** Source information follows **
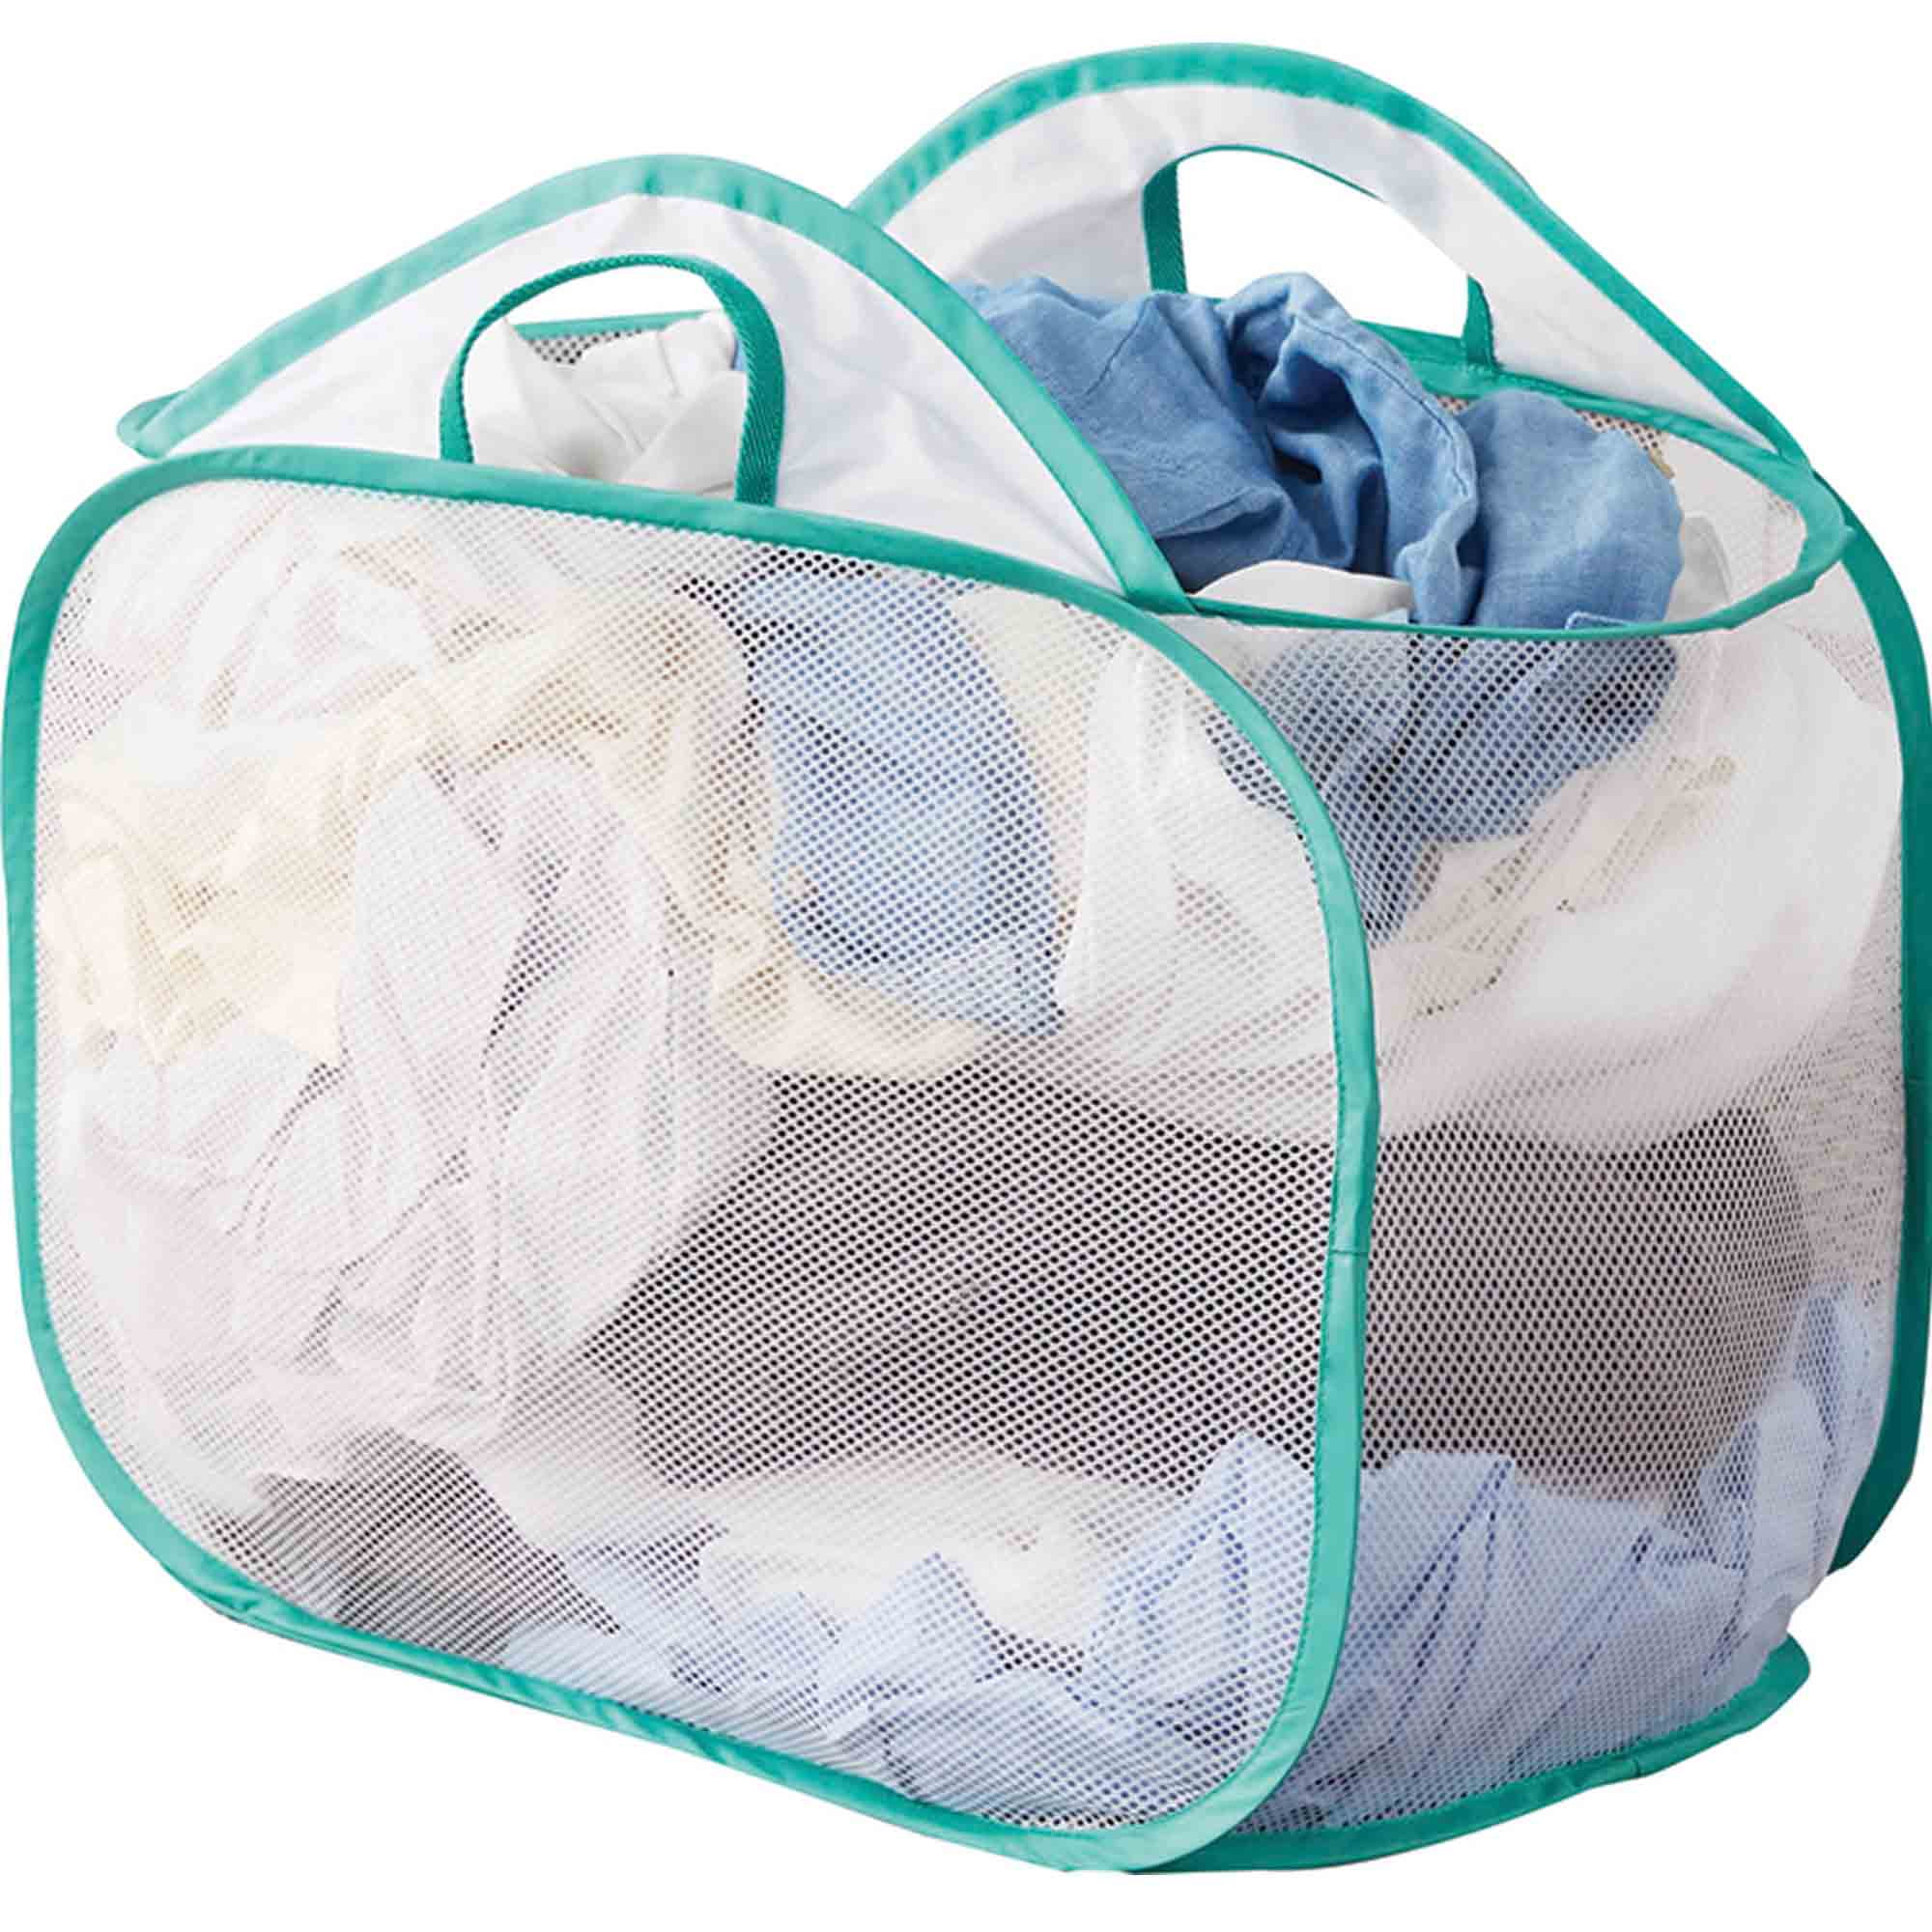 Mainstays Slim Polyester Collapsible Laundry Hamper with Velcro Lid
** End of Source information **
** Source information follows **
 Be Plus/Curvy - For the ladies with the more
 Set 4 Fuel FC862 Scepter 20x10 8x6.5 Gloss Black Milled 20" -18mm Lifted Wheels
** End of Source information **
### Problem description
Using the entries above, output exactly the lines between the line holding "Be Plus/Curvy - For the ladies with the more" and the line holding "Set 4 Fuel FC862", end lines included, and nothing more.

### Answer space
 Be Plus/Curvy - For the ladies with the more
 Set 4 Fuel FC862 Scepter 20x10 8x6.5 Gloss Black Milled 20" -18mm Lifted Wheels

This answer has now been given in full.